Paulo 26/08/2023
Espécie de romance de investigação, o ponto inicial e principal é o assassinato do deputado João Carlos Satti em Porto Alegre nos anos oitenta, baseado num caso real ocorrido na mesma década, com apenas alguns poucos anos de diferença. Mas o foco da narrativa não é inteiramente o caso ou a investigação.
Cecília, a protagonista, constrói vagarosamente a trama a partir desse núcleo familiar de classe média alta que entra numa turbulência interminável e irreparável por conta da suspeita desse assassinato que acusa o pai da família. A falta de pressa, de ênfase e de foco de Cecília em investigar, nos apresentar ou descobrir o caso não é só para manter esse mistério instigante ou para ir construindo a investigação com o leitor, até porque a narradora já sabe, mas é porque é, sobretudo, um romance narrativo que quer contar histórias, mais do que apenas um subgênero policial.

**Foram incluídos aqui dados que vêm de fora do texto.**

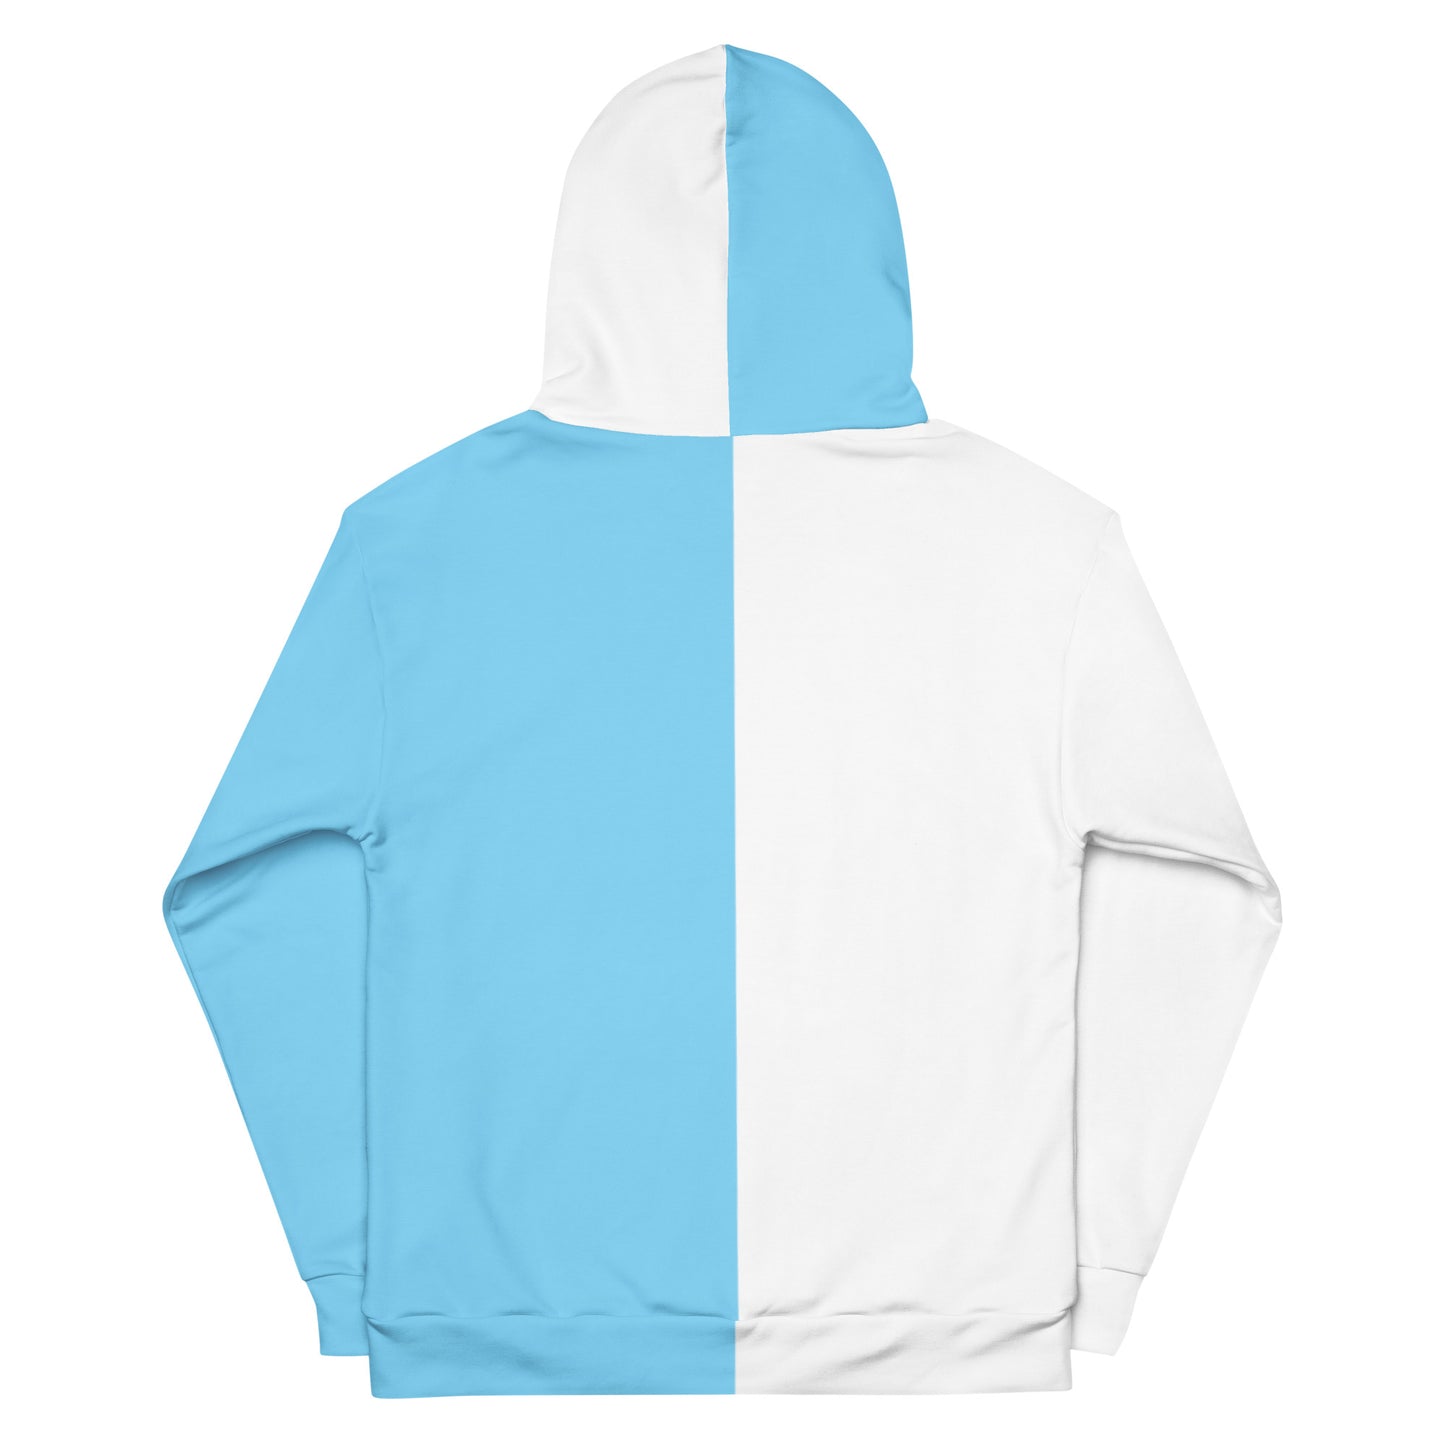 Elementary Threads (White/Blue) Two Tone Hoodie

Sem nenhuma pressa Carol Bensimon vai e volta no tempo em vários períodos de várias vidas, é uma ficção que parece muito autobiografia, não do gênero autoficcional, uma mistura de, como diz a sinopse na contracapa, coming of age com romance policial, mas também com boa dose de romance de estrada (gênero de outro título anterior da autora, Todos Nós Adorávamos Cowboys, um road novel total, mais devagar).
Bensimon aprofunda muito bem os personagens, tanto que, assim como vai sempre construindo novas informações e revelações para o caso Satti, nos deixando até em dúvida mesmo quando o fato está evidente, também sempre traz revelações dos personagens, não necessariamente comprometedoras, mas psicológicas, de personalidade, do seu âmago, e ela faz isso de forma mais intensa, quase que com um carinho especial, com um personagem específico muito próximo de Cecília, a narradora conta, nessa vagarosa linha do tempo que vai e volta bem construída, as autodescobertas desse personagem que vai conhecendo a si mesmo, é um ponto do livro tão interessante quanto a investigação do crime.
A escrita de Bensimon tem uma qualidade criativa que não é profundamente lírica, aqui há ocasionalmente o humor um pouco ácido que me lembro de "Todos Nós Adorávamos Cowboys" (onde ela tira sarro dos conspiracionistas do ET Bilu e Projeto Portal), apenas alguns diálogos de Diorama me pareceram pouco criativos, banais, superficiais, num deles, na resolução fácil de um problema, Cecília também me pareceu muito egoísta e isso não foi enxergado/problematizado assim pela narração, que, como uma literatura decente e madura, mostra os defeitos e "falhas de caráter" de qualquer personagem, incluindo o protagonista. Além disso, sendo eu talvez desnecessariamente detalhista, tive a impressão bastante forte de que, de repente, já tarde na segunda metade do livro uma parte breve da escrita me pareceu apenas um texto literário parcamente descritivo de uma narração pobre, "isso foi assim, aconteceu isso, virou e disse".
O final, bem no final, as positivas escolhas de eventos e resoluções soaram quase forçadas, quase, embora seja uma escolha do autor e essas escolhas façam parte do seu âmago, essas resoluções aqui, e realmente não são muitas nem em tom exagerado, pareceram fácil demais (e, claro, comerciais) considerando todo o tom do livro e o psicológico dos personagens e os redemoinhos repetitivos em que eles viveram toda a vida, mas, bem no fim mesmo, não acaba fácil, resoluto, óbvio nem tão reparador, é mais ou menos como se o fim se equilibrasse desse escorregão quase tosco que ele deu brevemente por querer dar um pouco de reparação aos personagens. Esse incômodo pode ser também porque, como dizemos entre os colegas na livraria onde trabalho, a gente só lê/gosta de coisa pesada, "não sei o que indicar quando pedem algo leve".
Por fim, algo curioso é que Carol Bensimon, uma mulher lésbica, ou pelo menos não heterossexual, não prioriza criar personagens LGBTQIA+ nem tê-los como foco da narrativa, curioso porque é natural que queiramos escrever "sobre isso", mas isso não quer dizer que ela não aborda o "assunto" de forma bastante pungente, pelo contrário, entre outras coisas, ela tenta ilustrar como era um pouco dessas vidas na década de 80, que além do abismo de informações e conquistas entre lá e hoje, foi a década da AIDS, que além do próprio mal que causou, piorou os preconceitos e desinformações contra as sexualidades.